Qi Zheng zhengqi.arch at bytedance.com
Tue May 24 12:03:41 UTC 2022



On 2022/5/24 4:53 PM, lijiang wrote:
> Thank you for the patchset, Qi.
> 
> On Fri, May 20, 2022 at 10:26 AM HAGIO KAZUHITO(萩尾 一仁) 
> <k-hagio-ab at nec.com <mailto:k-hagio-ab at nec.com>> wrote:
> 
>     Hi Qi,
> 
>     thanks for the update.
> 
>     On 2022/05/19 22:48, Qi Zheng wrote:
>      > When we use crash to troubleshoot softlockup and other problems,
>      > we often use the 'bt -a' command to print the stacks of running
>      > processes on all CPUs. But now some servers have hundreds of CPUs
>      > (such as AMD machines), which causes the 'bt -a' command to output
>      > a lot of process stacks. And many of these stacks are the stacks
>      > of the idle process, which are not needed by us.
>      >
>      > Therefore, in order to reduce this part of the interference
>     information,
>      > this patch adds the -n option to the bt command. When we specify
>      > '-n idle' (meaning no idle), the stack of the idle process will be
>      > filtered out, thus speeding up our troubleshooting.
>      >
> 
>      > And like option '-a' of bt, option '-n idle' works only for dumpfiles
>      > captured by kdump.
> 
>     It's a bit different from '-a', will change to:
> 
>         And the option works only for crash dumps captured by kdump.
> 
>     because '-a' works for live dumps but '-n idle' doesn't work like this:
> 
>     crash> bt -a -n idle
>     PID: 0      TASK: ffffffff82212780  CPU: 0   COMMAND: "swapper/0"
>           [exception RIP: native_safe_halt+2]

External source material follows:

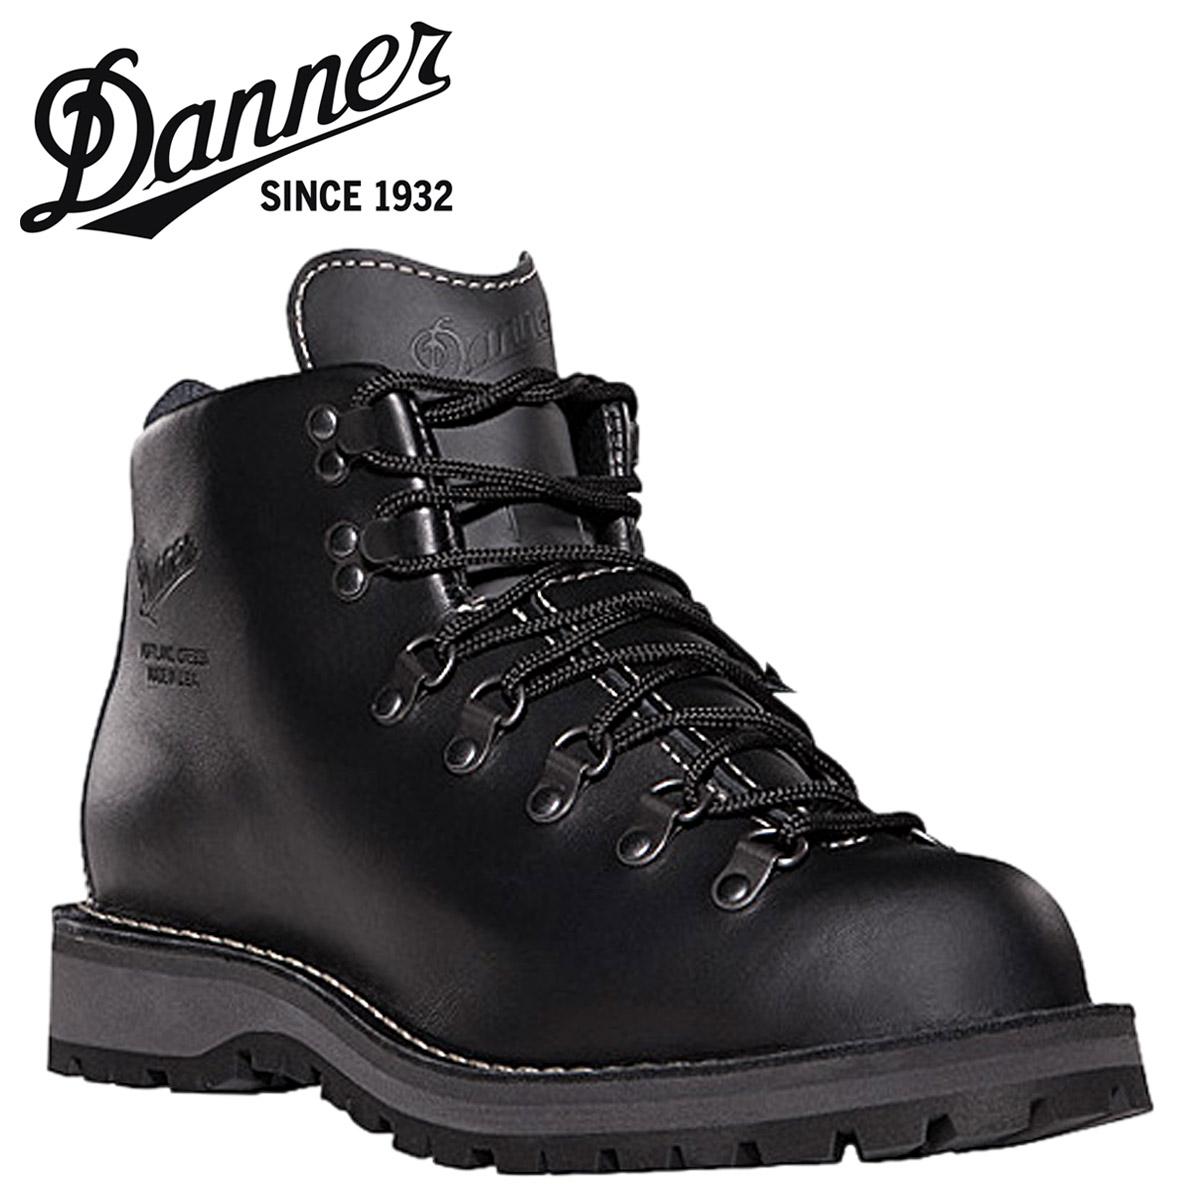 【最大2000円OFFクーポン】 ダナー Danner マウンテンライト ブーツ Danner2 30860 ブラック Mountain Light II Dワイズ EEワイズ レザー GORE-TEX メンズ [3/3 再入荷]
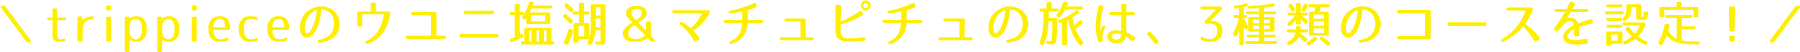 trippieceのウユニ塩湖&マチュピチュの旅は、3種類のコースを設定!

>           RIP: ffffffff81820c92  RSP: ffffffff82203e90  RFLAGS: 00000246
>           RAX: ffffffff818209c0  RBX: 0000000000000000  RCX:
>     0000000000000001
>           RDX: 0000000000000001  RSI: 0000000000000087  RDI:
>     0000000000000000
>           RBP: 0000000000000000   R8: 00007584cc726bcd   R9:
>     0000000000000000
>           R10: 0000000000000000  R11: 0000000000000000  R12:
>     0000000000000000
>           R13: 0000000000000000  R14: 000000007f46e168  R15:
>     000000007ff922a0
>           CS: 0010  SS: 0018
>        #0 [ffffffff82203e90] default_idle at ffffffff818209da
>        #1 [ffffffff82203eb0] do_idle at ffffffff810de691
>        #2 [ffffffff82203ef0] cpu_startup_entry at ffffffff810de8ff
>        #3 [ffffffff82203f10] start_kernel at ffffffff827821eb
>        #4 [ffffffff82203f50] secondary_startup_64 at ffffffff810000e7
>     ...
> 
>     And with the following patch,
> 
>     Acked-by: Kazuhito Hagio <k-hagio-ab at nec.com
>     <mailto:k-hagio-ab at nec.com>>
> 
>     --- a/help.c
>     +++ b/help.c
>     @@ -1909,7 +1909,7 @@ char *help_bt[] = {
>        "bt",
>        "backtrace",
>        "[-a|-c cpu(s)|-g|-r|-t|-T|-l|-e|-E|-f|-F|-o|-O|-v|-p] [-R ref]
>     [-s [-x|d]]"
>     -"\n     [-I ip] [-S sp] [pid | task]",
>     +"\n     [-I ip] [-S sp] [-n idle] [pid | task]",
> 
> 
> In addition to the above issue, another issue may occur on other 
> unsupported architectures such as ppc64le:
> ...
>        KERNEL: vmlinux
>      DUMPFILE: /var/crash/127.0.0.1-2022-05-24-03:55:17/vmcore  [PARTIAL 
> DUMP]
>          CPUS: 8
>          DATE: Tue May 24 03:54:59 EDT 2022
>        UPTIME: 00:35:41
> LOAD AVERAGE: 0.54, 0.95, 1.28
>         TASKS: 175
> ...
>       MACHINE: ppc64le  (2900 Mhz)
>        MEMORY: 8 GB
>         PANIC: "Kernel panic - not syncing: sysrq triggered crash"
>           PID: 16173
>       COMMAND: "bash"
>          TASK: c0000000e9579000  [THREAD_INFO: c0000000e9579000]
>           CPU: 0
>         STATE: TASK_RUNNING (PANIC)
> 
> crash> bt -n idle
> PID: 16173  TASK: c0000000e9579000  CPU: 0   COMMAND: "bash"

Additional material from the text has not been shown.